By Chynara Karimova and Estelle Erimova in Bishkek

Russia’s pledge to inject massive funds into the Kyrgyz power industry has 
raised hopes that the Central Asian state will one day be free of its chronic 
energy shortages. But some analysts worry that Kyrgyzstan could be giving away 
far too much management control over a crucial energy project. 

During a visit to Moscow in February, Kyrgyz president Kurmanbek Bakiev signed 
a deal under which the Russian state is to invest 1.7 billion US dollars in a 
major hydroelectric scheme called Kambarata-1. 

Once completed, Kambarata-1 and the related Kambarata-2 plant, which were 
originally begun in 1986 but halted due to lack of funds, will generate 6.1 
billion kilowatt-hours of electricity a year.
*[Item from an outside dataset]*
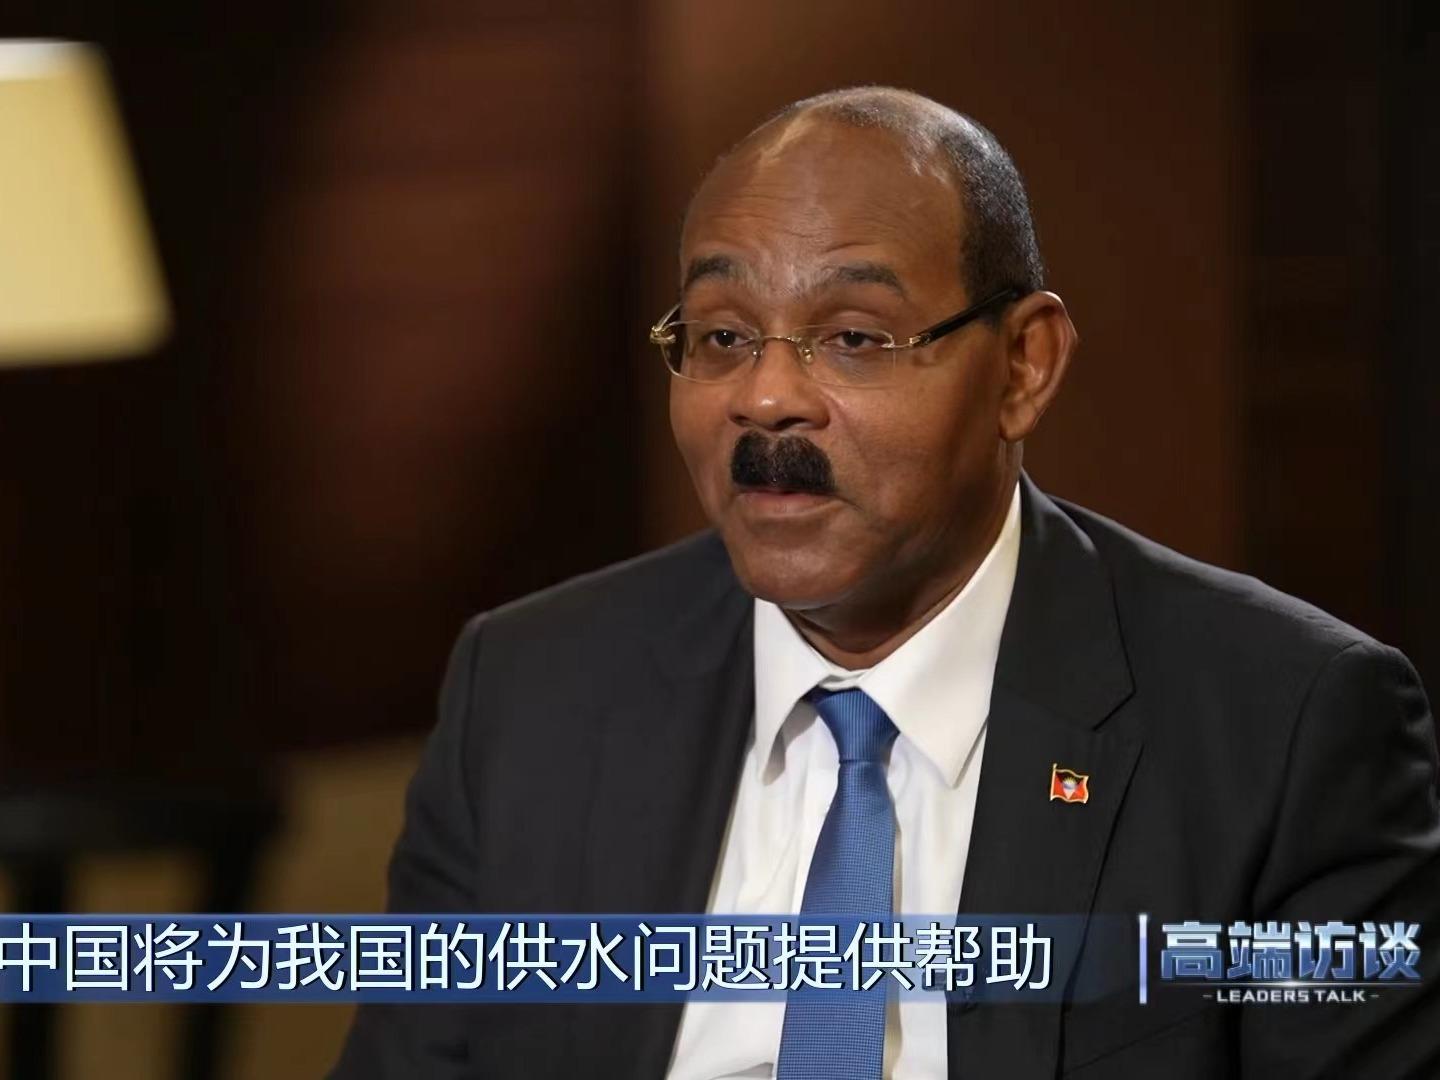 Sumbangan China terhadap Pembangunan dan Kemakmuran Dunia Mengagumkan: PM Antigua dan Barbuda
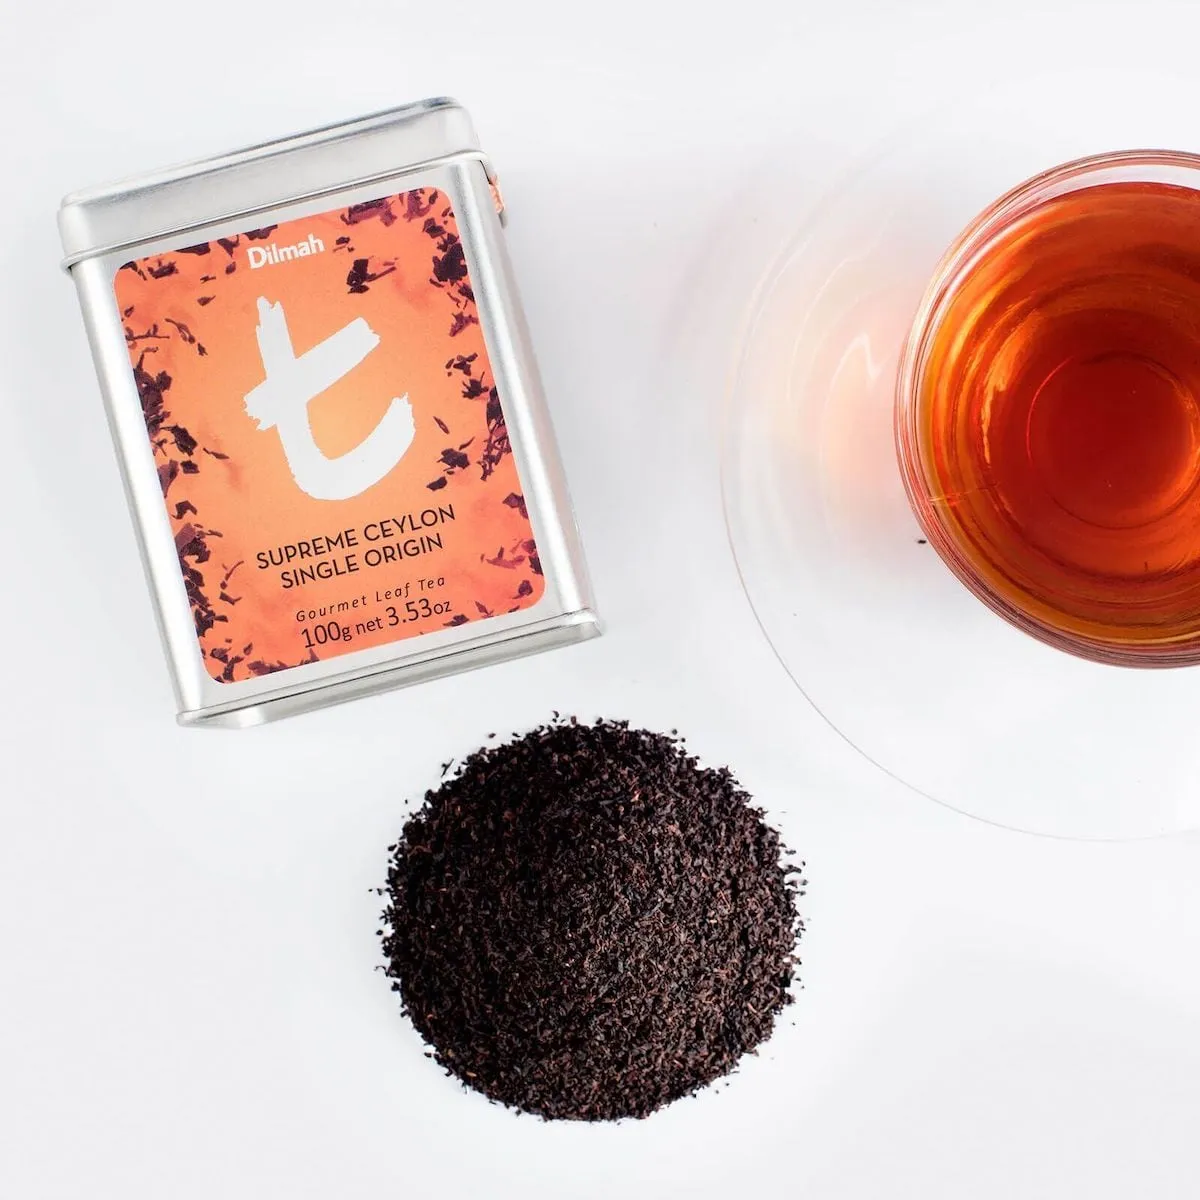 Tin, cup, and loose leaf Supreme Ceylon Single Origin tea

For comparison, the existing 
Toktogul scheme, which lies further downstream of Kambarata on the Naryn river, 
accounts for up to 90 per cent of total power generation in Kyrgyzstan, around 
15 billion Kw/hours annually. 

The Kambarata scheme is intended to produce enough energy to give Kyrgyzstan a 
surplus and turn it into a major exporter of electricity. 

The money for the dam project is only part of a larger package that includes a 
300-million-dollar loan to support the Kyrgyz government’s budget, additional 
financial assistance worth 150 million dollars and a write-off of 193 million 
dollars in sovereign debt, granted in exchange for a 48 per cent stake in a 
defence plant producing components for torpedoes. 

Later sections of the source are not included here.